Maybe those of us that have actually hugged (and groped ass) in person, DO tend to seem cliquish.  But, the bonds are SO strong, you can't help it.

Many have mentioned about meeting another clusterhead.  That is truly an AWESOME experience!  There are several of us, here in the Carolinas, that have been talking about getting together.  It has been a while, since we have.  It is time to do it again.  We have had them in South Carolina (the first one I went to), a couple of them here in North Carolina, and a couple up in Virginia.  The last one was this summer, up at Jen's house.

I have now been to five O.U.C.H. conventions, and hope to go to many more.  I never made it to DavCon, but already have my flight and hotel reservations for LouCon.  I will continue to meet with clusterheads, whenever I can.  I feel that strongly about it.
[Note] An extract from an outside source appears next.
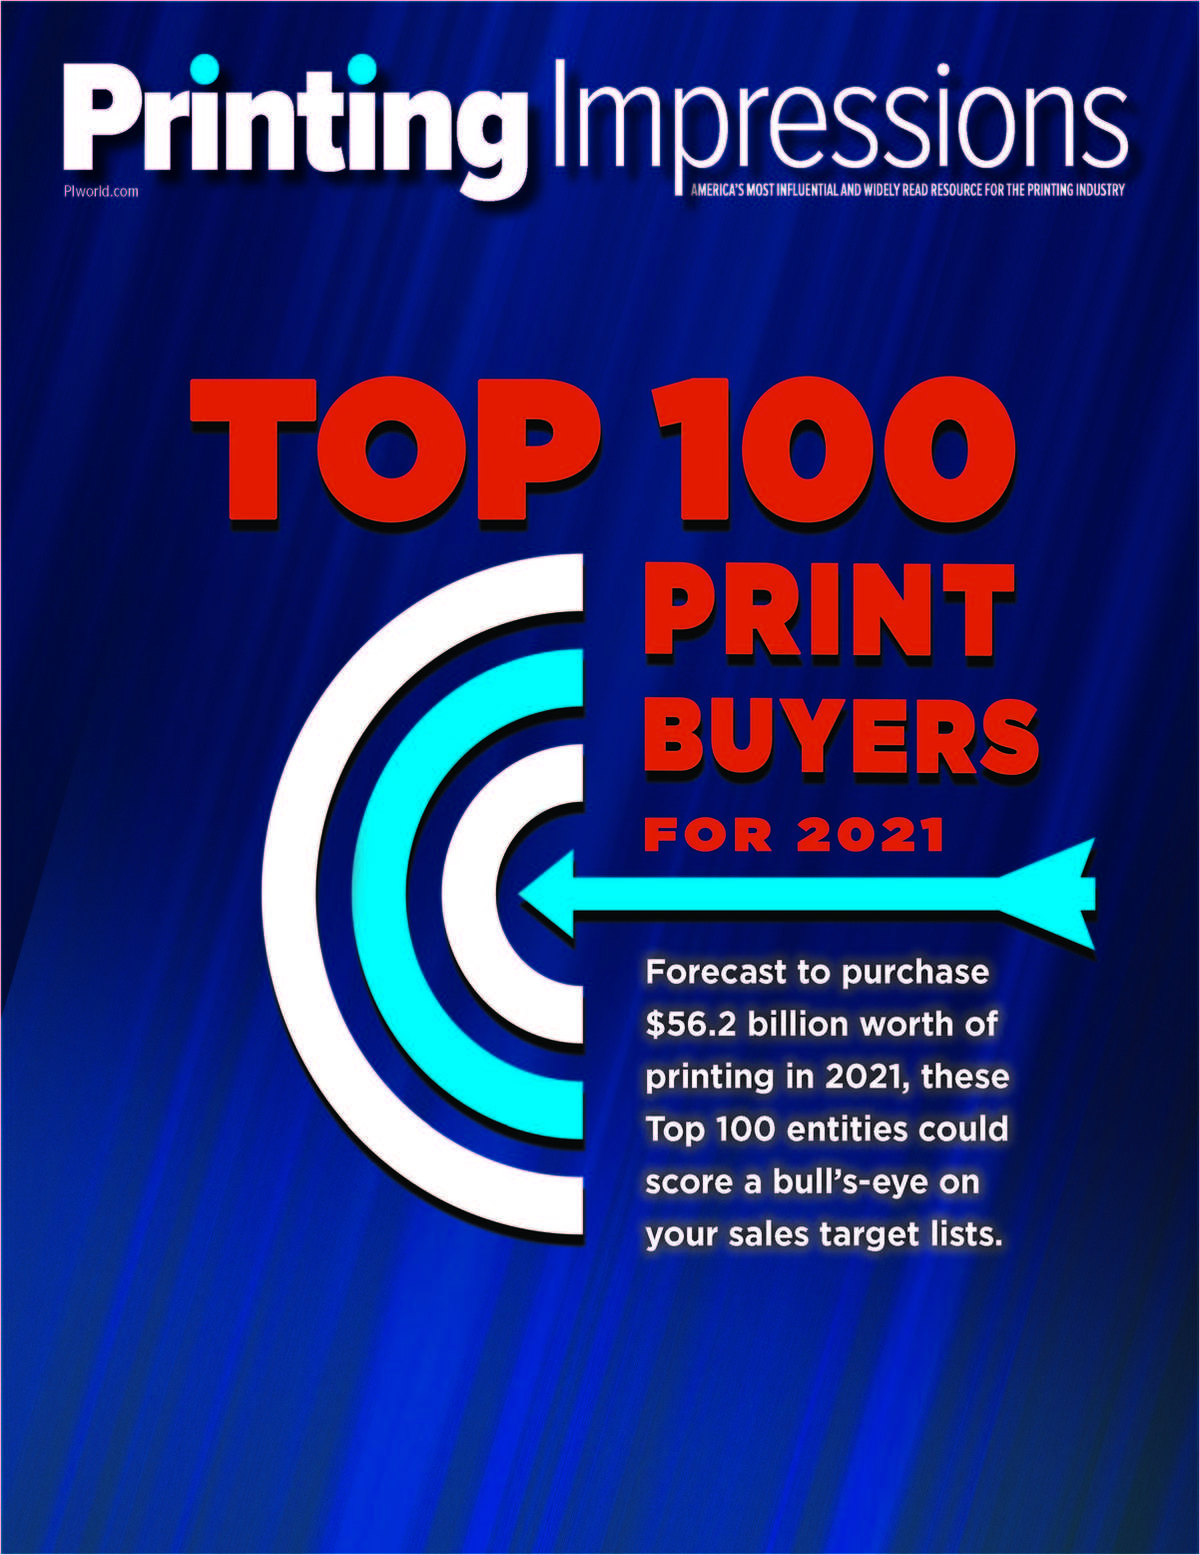 Top 100 Print Buyers Forecasted for 2021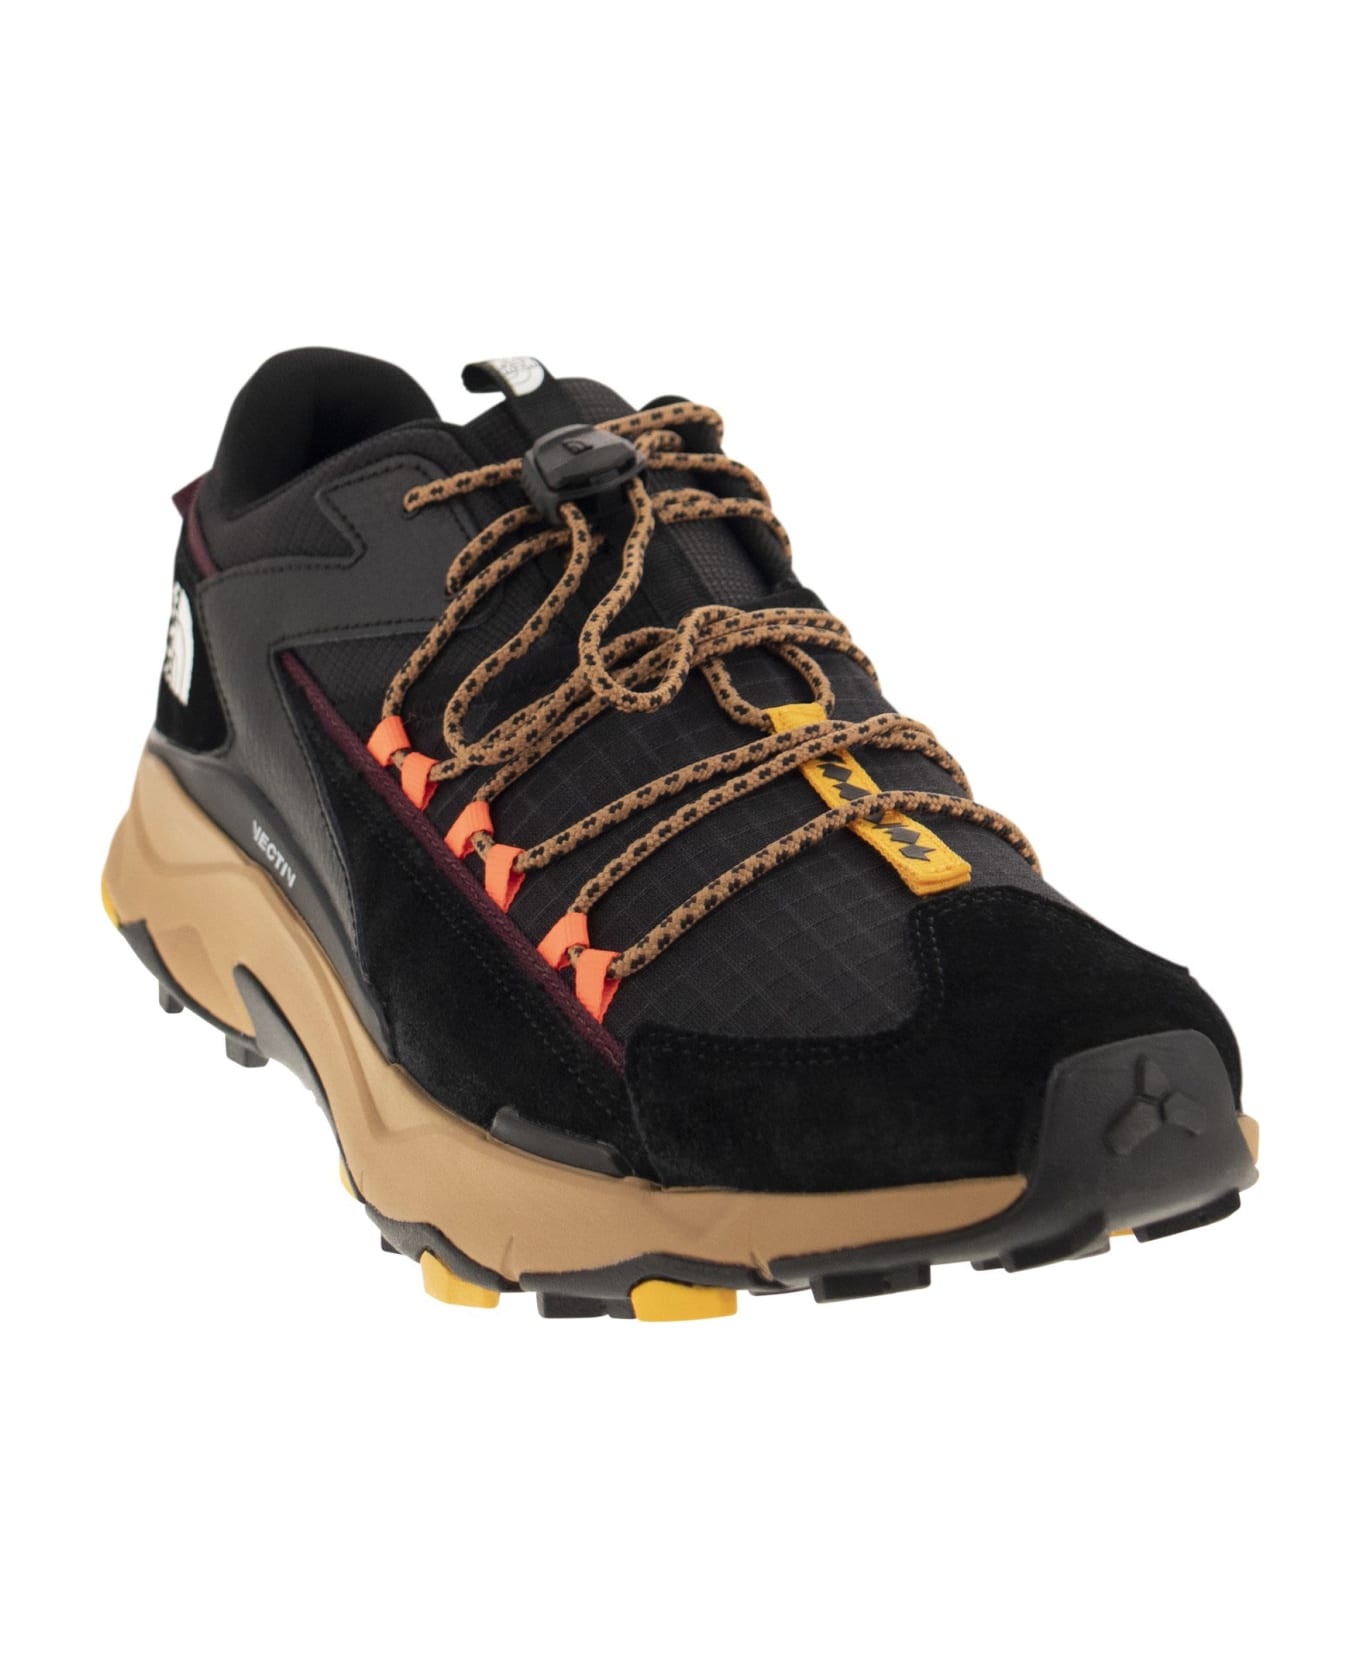 The North Face Vectiv Taraval - Technical Shoes - Black

I will send you a PM with my phone number.  I am not afraid to give it to any clusterhead or supporter.  I spend a LOT of time, either on line (via skype or other instant messenger forum) or on the phone with people from this site.  I never regret it.  Don't be afraid to use the number I send you.  

And, for anyone else that would want to talk to a fellow clusterhead, I am more than willing to talk to you, as most others are too.  Just get your nerve up, and ask for our number.  Most of us will gladly give it to you.

To all you newbies:  Welcome to our clique!